A year ago, everything was different. Now, reflecting on my past, I realize that one year can do a lot to a person. At the beginning of this year, I was stuck in a toxic relationship. At first everything was amazing, but I’ve come to the conclusion that you learn more about a person at the end of the relationship versus the beginning. Throughout our three-year relationship, we had our ups and downs; though, I feel the good certainly outweighed the bad. But other times, I sit in my room, stare at the wall, and wonder why I ever allowed him to treat me the way he did. Though I've never endured physical abuse, I feel that mental abuse can be just as damaging. I allowed him to get into my head and make me believe things about myself that were untrue. I repeatedly asked myself; “ Am I good enough? Am I pretty enough? Do I have anxiety or depression?” I would battle with these ideas, until I felt numb inside. I changed into someone I did not want to be, and I didn't notice until after the relationship ended. Now, I have fresh eyes. I stayed with him for so long, because I didn't want to give up on what we had. I now realize ‘giving up’ doesn't mean you're weak. Letting go means you're strong, smart, and able to see what is best for YOU.

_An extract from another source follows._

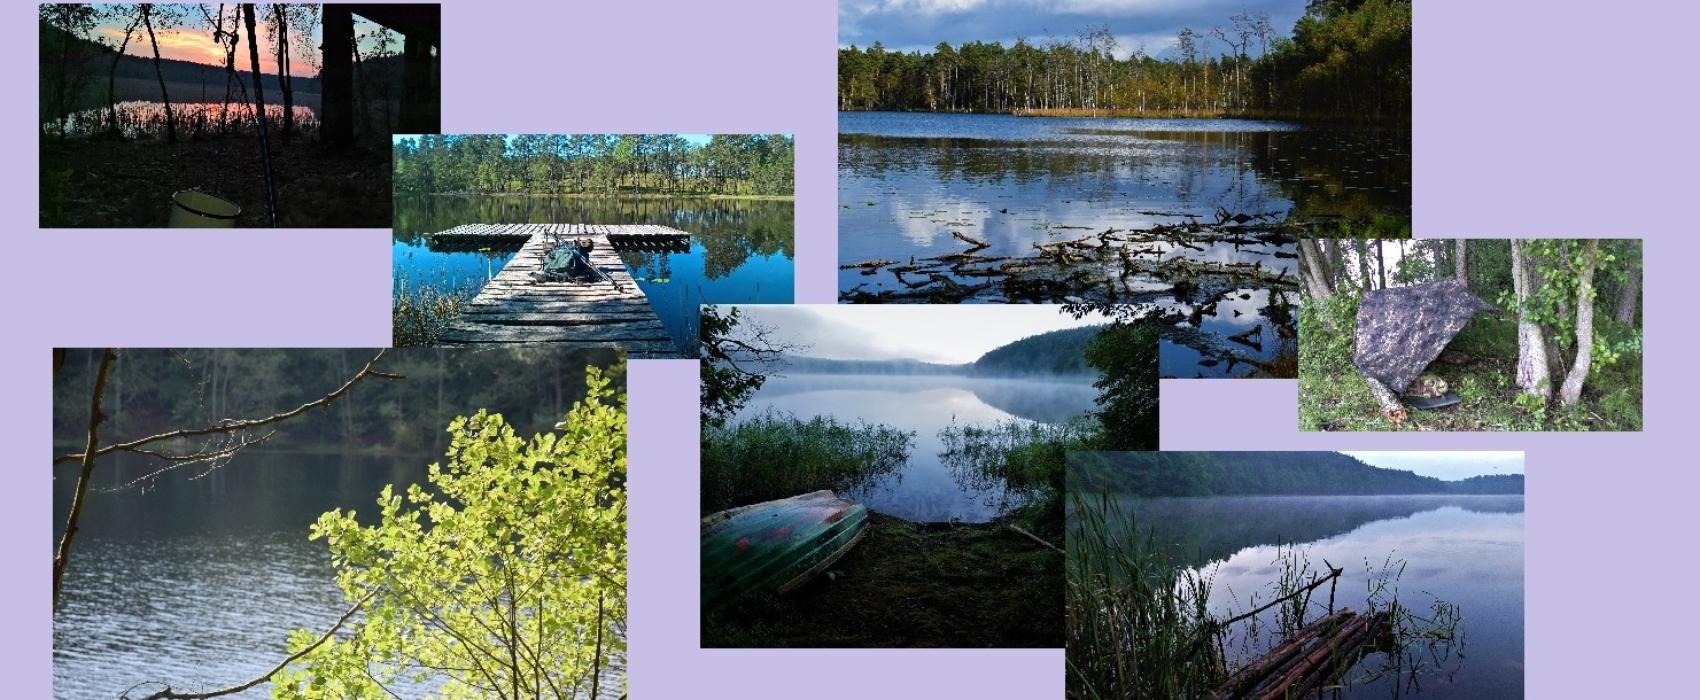 Kaszubskie jeziora. Subiektywny przegląd najlepszych miejsc [MAPY, GALERIA] 3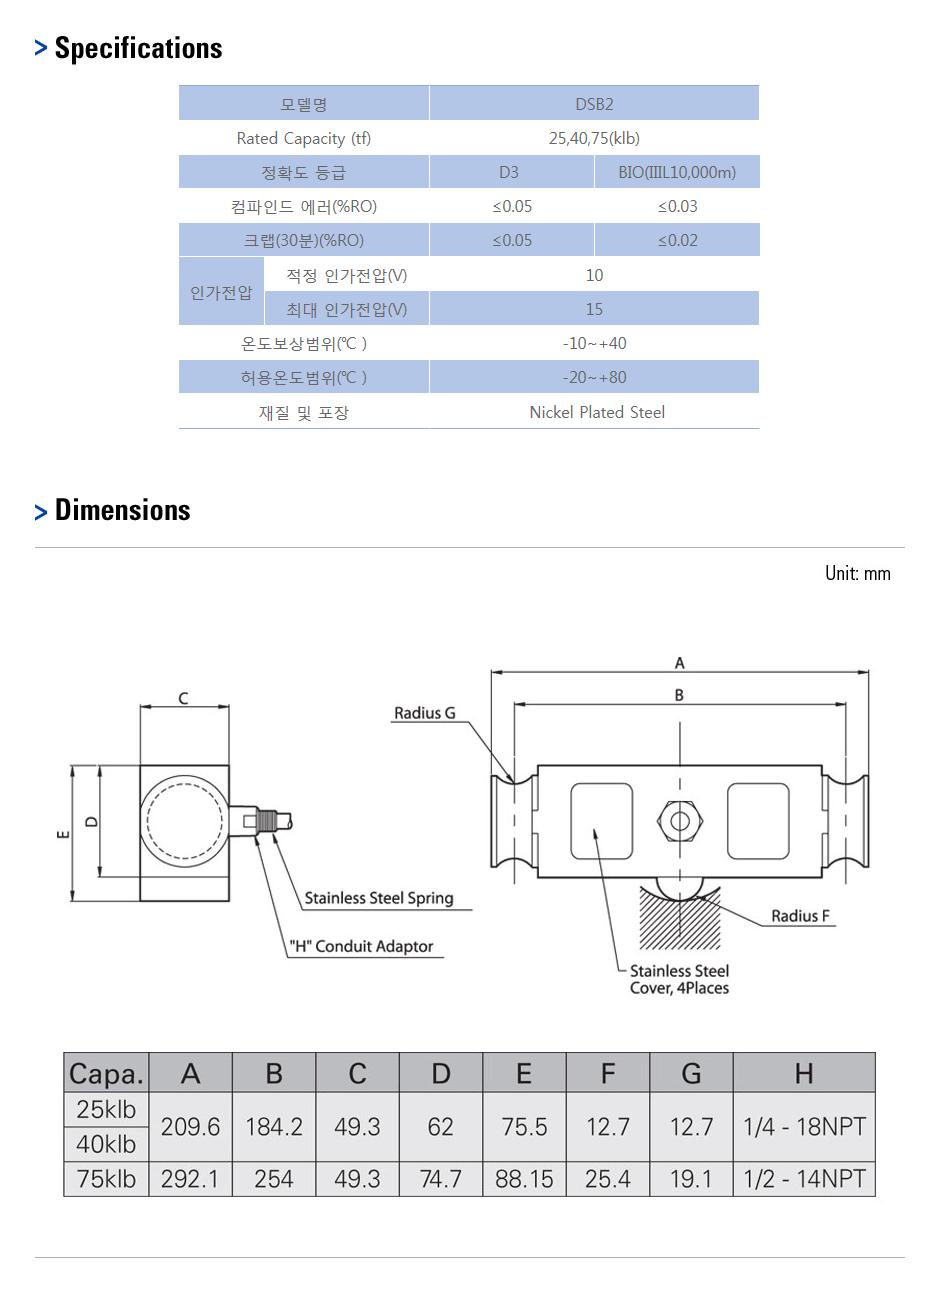 카스 로드셀 - Truck & Tank weighing 타입  22

Joyce Meyer once said “No matter what you are going through, you’re going to make it. And when you come out on the other end, you’re going to be a better person.” After many hours of reflection, I realize I was too hard on myself. I now see how wise and strong I have become because of all of this. I believe self acceptance is extremely important; I am strong in my morals and beliefs and no matter what I go through, this will remain true.
Near the end, I met a group of girls just like myself whom I now call my bestfriends. We help each other grow, and inspire each other to be our best selves, and aspire to live our best lives. By truly being themselves, they have changed me without even trying. They picked me up from a low place and made me realize there's way more to life. I realize now I only have one life and I will not spend it questioning, regretting, hating, and running after people who refuse to see the real me. I'd rather spend it aspiring to be a giver. A giver of love, good vibes, and strength. Now, I live the life I've always wanted no matter what, spending it with the people who make me happy each and every day.